Include a process or parent process count of <= 3, and a host count of <= 3 to eliminate common processes across different hosts.
Screenshot was taken from last 365 days of detonate data, only TP malware data is visible in the screenshot. Telemetry was analyzed as well, only 7 hits last 75 days; which are FPs that are easily tuned in customer environments, but should not be tuned for a general threat hunting query.

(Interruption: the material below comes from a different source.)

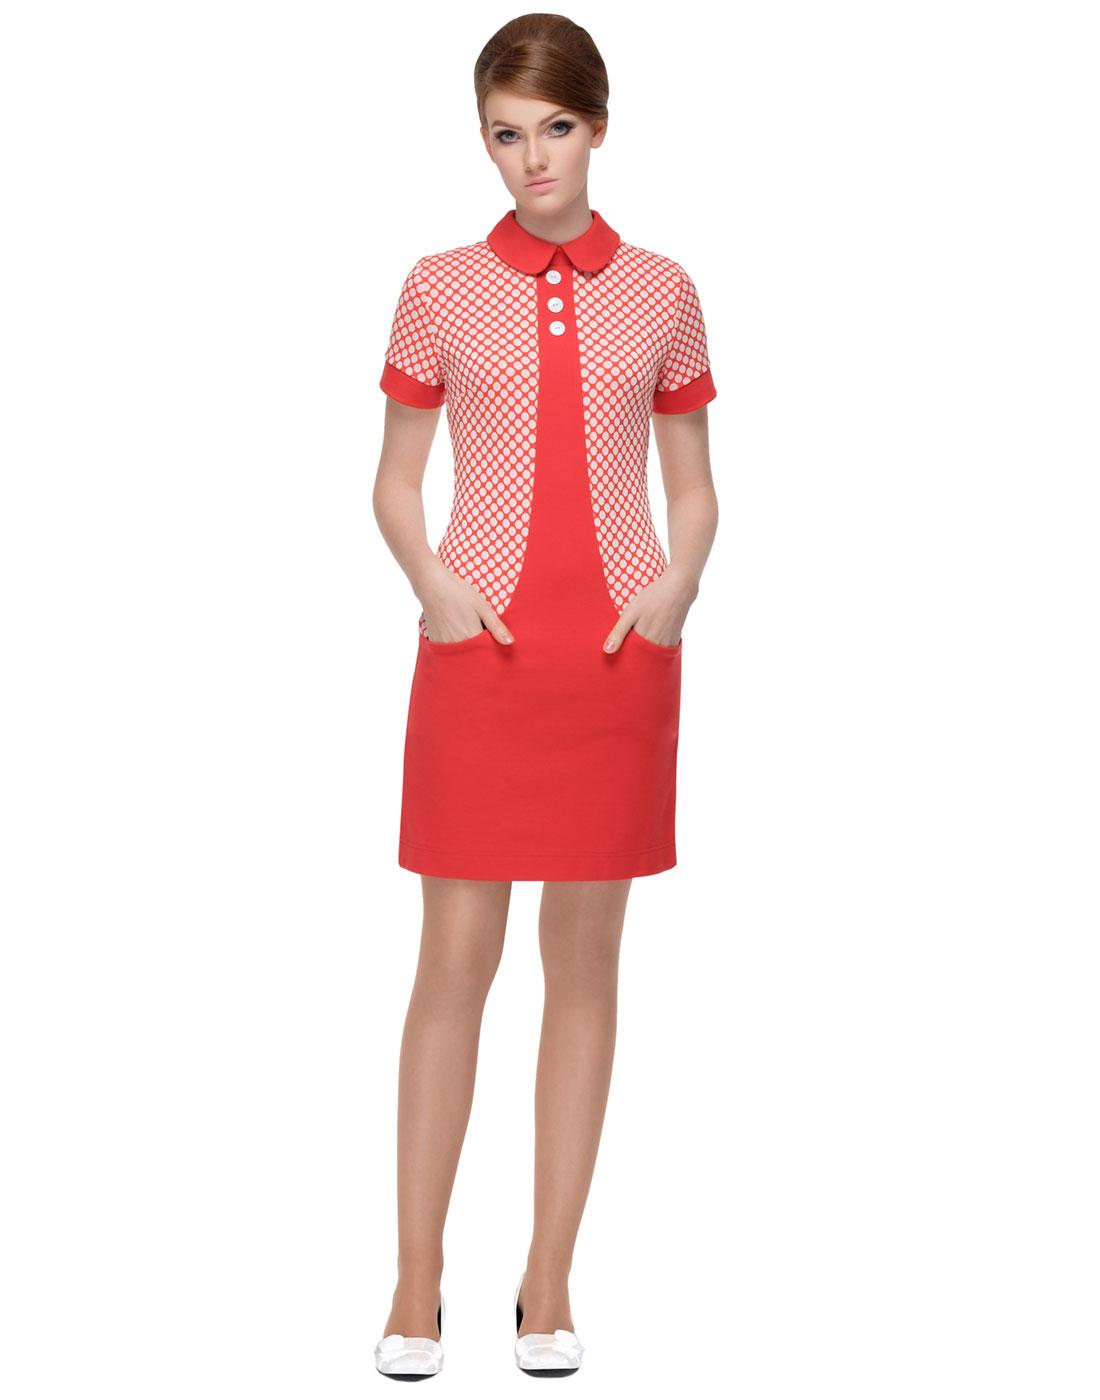 MARMALADE Retro 60s Mod Polka Dot Pocket Dress in Red

Ruben Groenewoud · Answer 3 · Mon Mar 18 2024 19:12:59 GMT+0800 (China Standard Time)

Hidden process execution

FROM logs-endpoint.events.process-*
| WHERE @timestamp > NOW() - 180 day
| WHERE host.os.type == "linux" and event.type == "start" and event.action == "exec" and (
  (process.executable rlike "/[^/]+/\\.[^/]+")
) 
| STATS process_count = COUNT(process.executable), parent_process_count = COUNT(process.parent.executable), host_count = COUNT(host.name) by process.executable, process.parent.executable, host.name, user.id
// Alter this threshold to make sense for your environment 
| WHERE (process_count <= 3 or parent_process_count <= 3) and host_count <= 3
| SORT process_count asc
| LIMIT 100

Included only hidden files, excluded hidden directories, as this is common in Unix
Include a process or parent process count of <= 3, and a host count of <= 3 to eliminate common processes across different hosts.
Only TPs in testing stack, 0 FPs in telemetry last 75 days and detonate last 365 days.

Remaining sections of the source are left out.